The argument has been extended in a slightly altered form by David Bell:
Over the course of the seventeenth and eighteenth centuries, the crown did much to build up national lines of communication. Its new administrative officers, even if they often served principally as conduits of information rather than as governors, nonetheless brought vast numbers of Frenchmen into direct contact with the central government … The monarchy itself – rather than the capitalist interests described by Habermas – first sponsored a national press in France … the Gazette de France, followed by the Mercure and the Journal des savants.26
Once this tissue of newspapers and contacts had been set up and employed by the king to propound his case, others quickly seized the opportunity to use the same means against him. Among the first to do this were the lawyers who held offices in the parlements where the king had to seek approval for legal changes (although if they refused he could force them to register his edicts in the famous lits de justice), and it was largely in the debates this occasioned that the new phenomenon of public opinion emerged. Public opinion became independent of the king by virtue of a transformation of the network by means of which he and his ministers had sought to constitute it.

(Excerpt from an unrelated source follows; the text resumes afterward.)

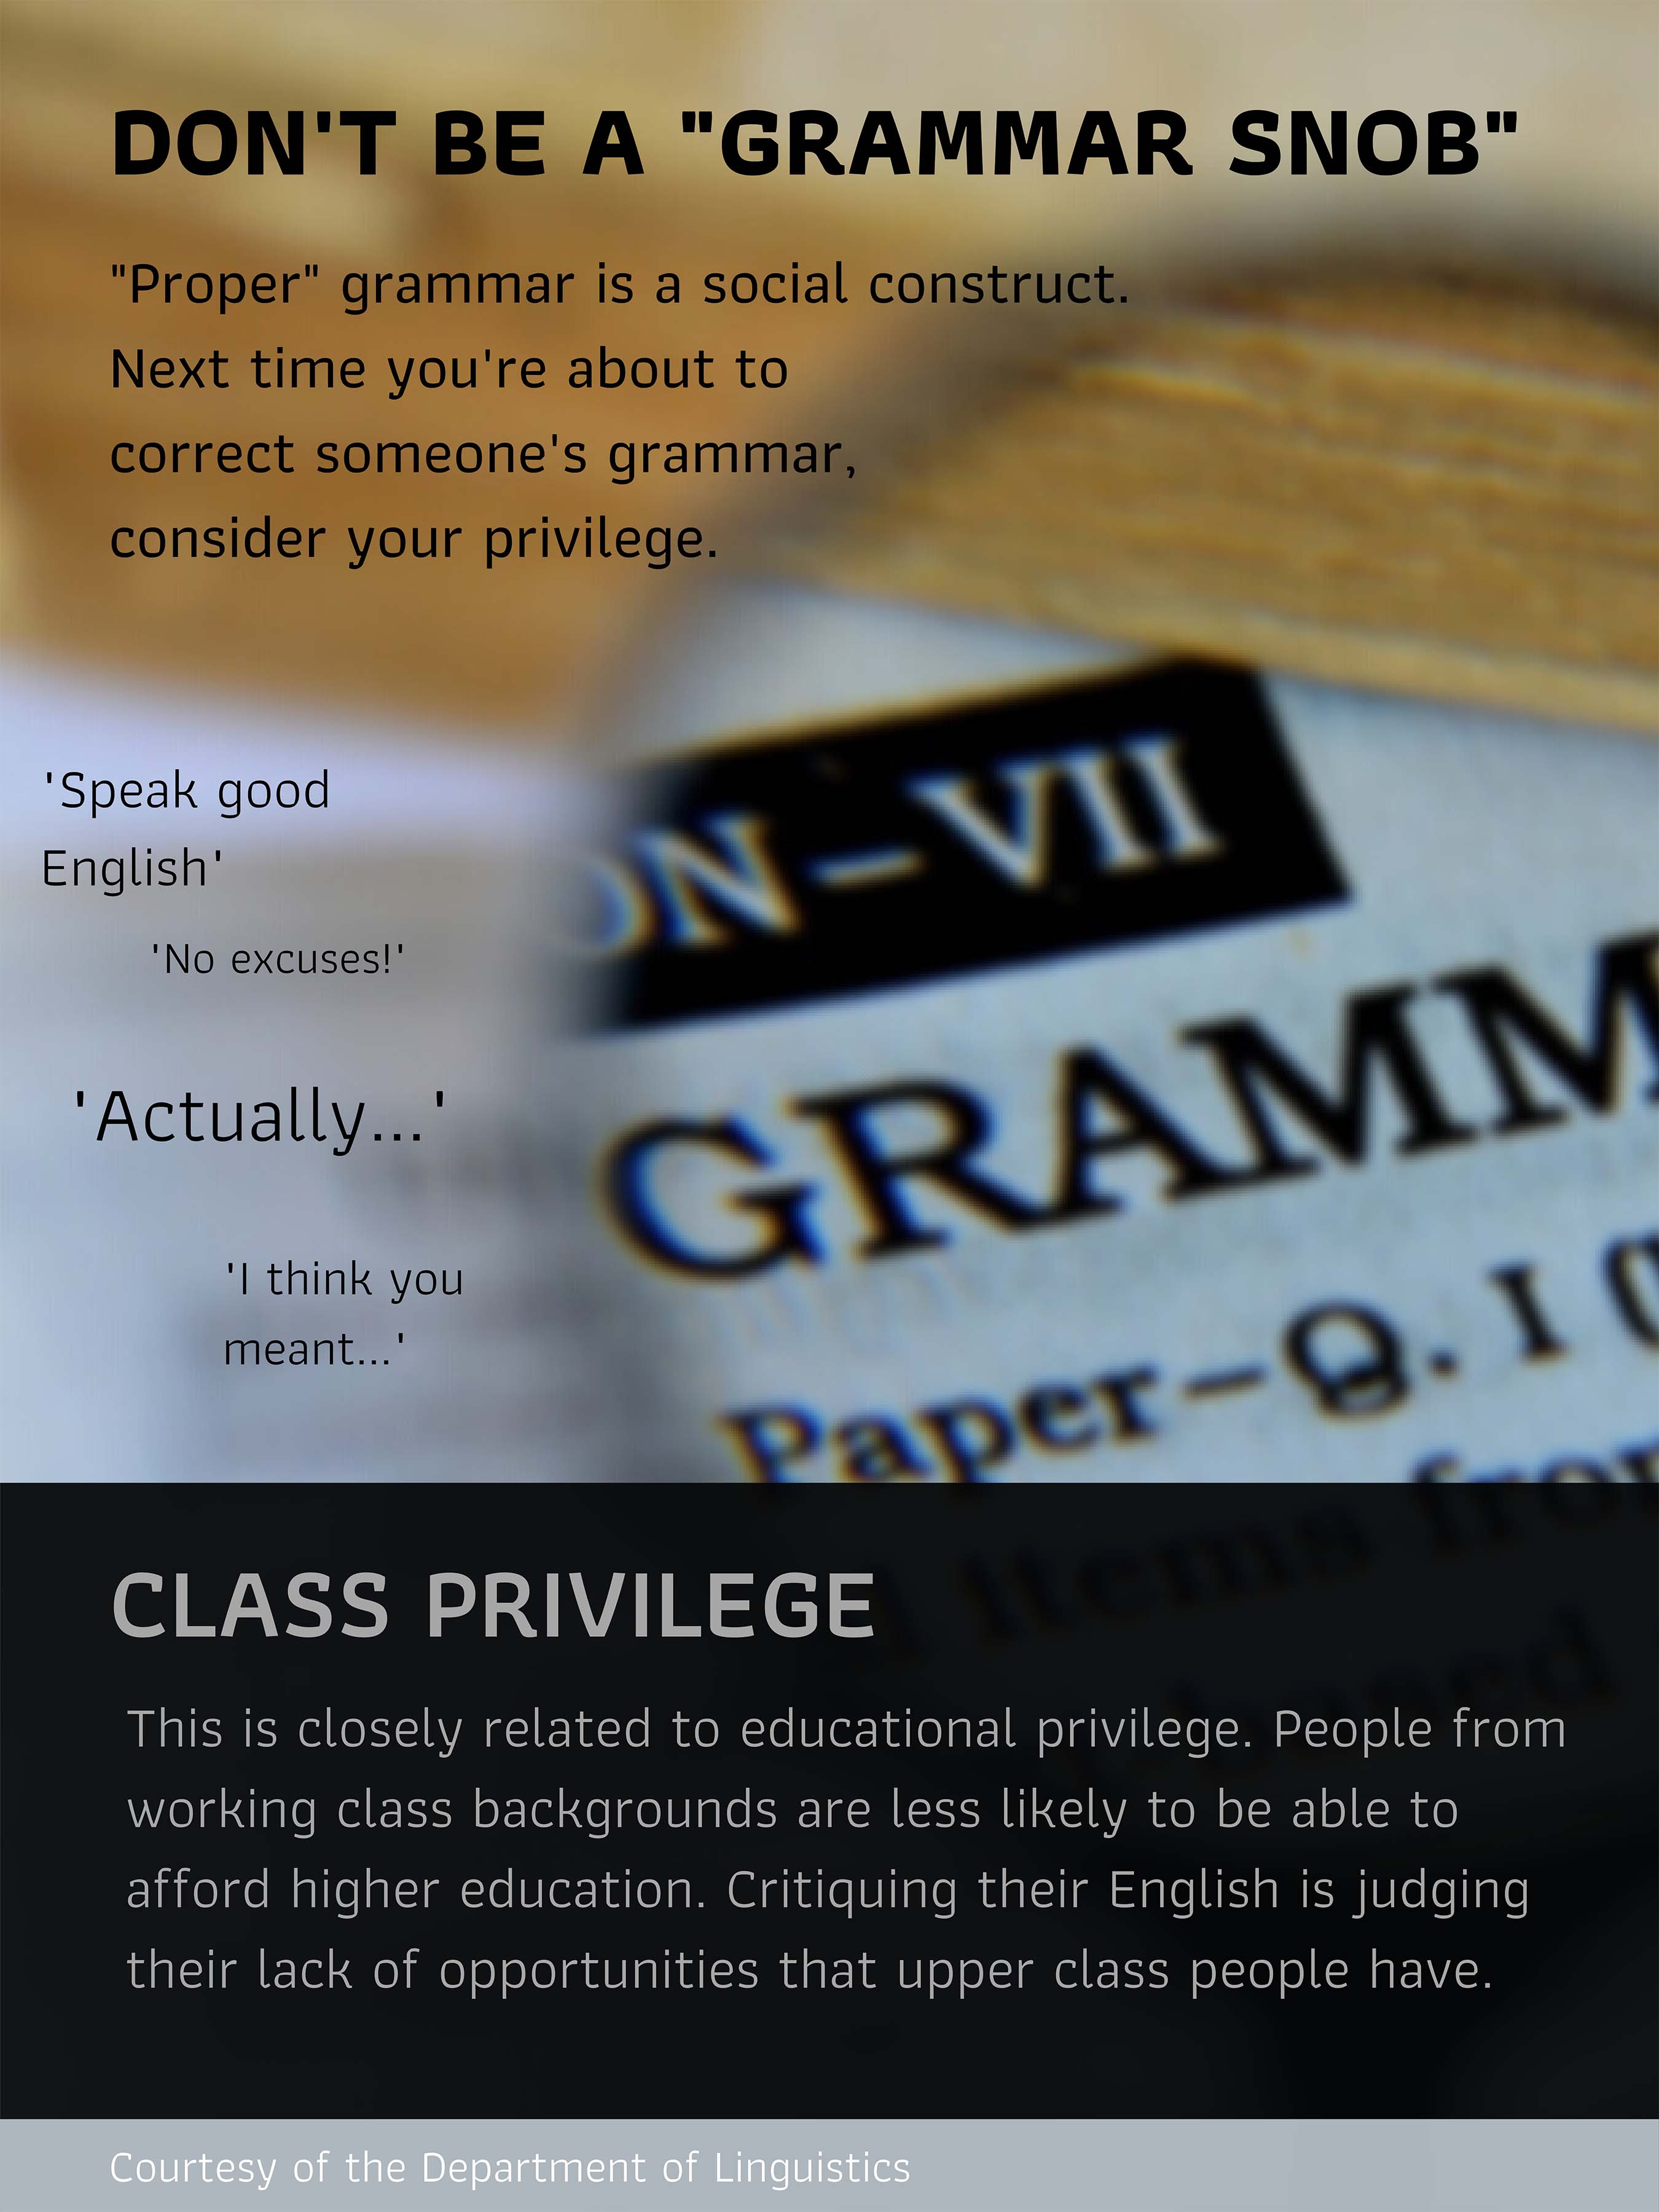 Don't be a grammar snob. Consider your class privilege. Click on image to see full description.

As long as the king had remained theoretically absolute, any attempt by the French to press claims upon each other (which is what politics is ultimately about) could proceed licitly only in the form of appeals to the king himself, or to bodies that acted in his name … After the middle of the eighteenth century, however, as royal authority declined, political claims increasingly took the form of appeals to the judgment of the ‘public’ … [The king now became] simply another litigant before this new ‘tribunal.’27
In other words, by extending and thickening a web of relations intended to further the goals of the higher power on whose behalf it was organized, the government unwittingly provided means by which those connected to the network could discover and employ lines of communication that bypassed its putatively central and directing point. As its operations expanded, the volume of communications the network generated overwhelmed the principle according to which only those flows directed by royal authority should be regarded as legitimate; the new standard validated any communication, regardless of where it originated or to whom it was directed, as long as it contributed to the public interchange the network afforded.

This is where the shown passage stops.